Williamson, who writes
the prayers delivered at these services and events, also prepares
prayers of dedications for new buildings, or for occasions when
a prayer seems to be called for.
From time to time Williamson,
who doesn't have to submit his prayers for approval to anyone, gets
feedback. "After one Baccalaureate service, a faculty member
came up to me afterwards and said, 'What about the rest of us? People
who are not Hindus, Jews, Christian, or Muslim?' I said, 'That's
an important question.' She added that she would like to create
a prayer and have someone read it at the service as a nonsectarian
presence. She did create the prayer, and it was used, I think, on
two occasions." Since that time, Williamson has created what
he calls the nonsectarian prayer.
Personally, does it take
a toll on his spiritual life to always have to acknowledge the possibility
of another religion? Does it disturb him to pray to the Spirit instead
of God?
"It depends,"
Williamson said. "It depends. I use God language, but I also
use the Spirit language. Both of those expressions have substance
in the Christian Biblical tradition. I say sometimes 'Please me
join with me, or, I invite you to join with me in the spirit of
prayer.' I make a distinction between the prayers that I do in the
Chapel service on Sunday and the more, what shall I say, the more
secularized, or at least pluralistic, so that people who hear that
prayer are not angry about it. They can dismiss it, but I don't
think they can say that it is judgmental in its message. It's a
fairly difficult compromise, a fine line. For instance, in the services
on Sunday at 11 o'clock I pray in the name of Jesus. I don't pray
in the name of Jesus when I do the Opening Exercises or at Baccalaureate
or at Commencement."
Even if the number of
students who participate actively in religious organizations on
campus is dwindling, and the language is becoming more inclusive,
there is still a reason to have a religious voice on campus, Williamson
says. "I believe that everybody has a yearning for some kind
of spiritual depth, some sense of something larger, or greater than
ourselves, and that that takes on a whole variety of expressions.

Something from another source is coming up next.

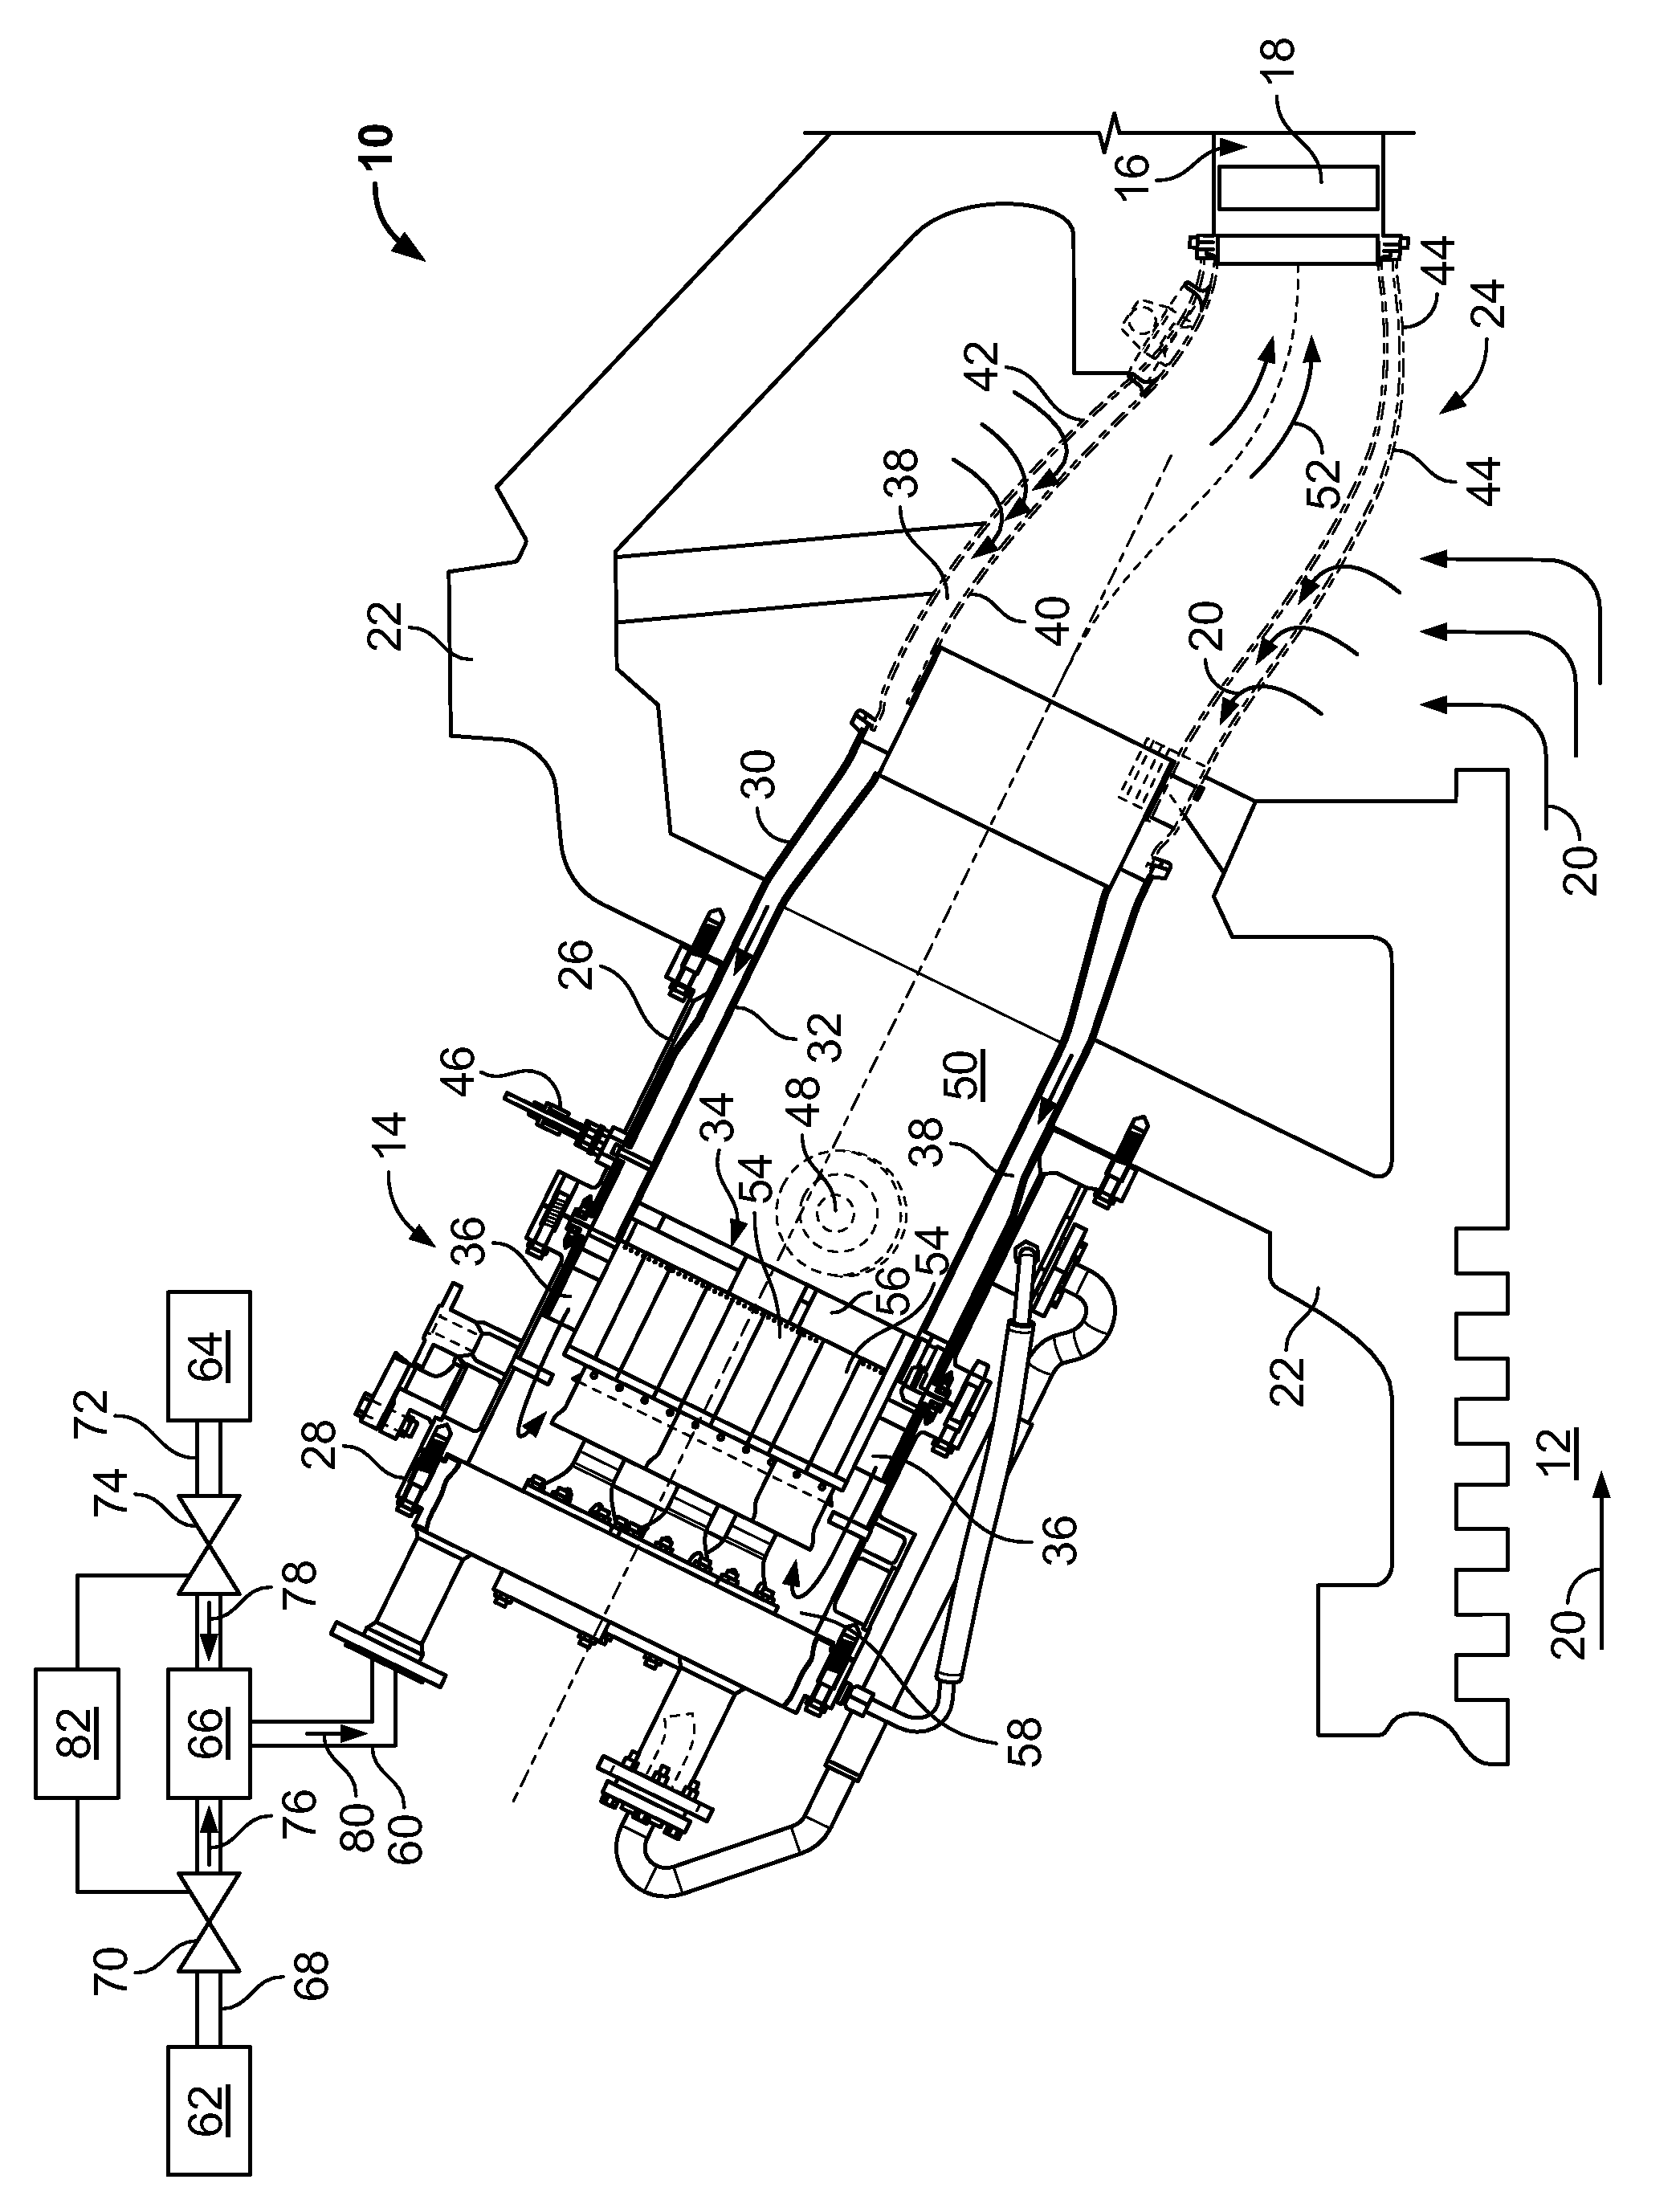 Method and apparatus for combusting syngas within a combustor

But I don't want to be critical. I would say that people who come
here need to, are in some sense are obligated, not just to think
about this as a place to go to Goldman Sachs, or something like
that. But a place to explore the profundities of life, the meaning
and purpose of life. So I don't have to use language which is explicitly
theological, but I think I have to use language that raises questions
about those issues."
Being in an academic
setting throws him, a believer, up against nonbelievers, as some
of scientists are. But Williamson understands them. "I know
where they're coming from. One of the most exciting things for me
is that for many scientists, especially astrophysicists, instead
of objectifying something, instead of demystifying it, there is
a willingness to affirm the mystery of science, the mystery of the
cosmos, as well as the awe of science."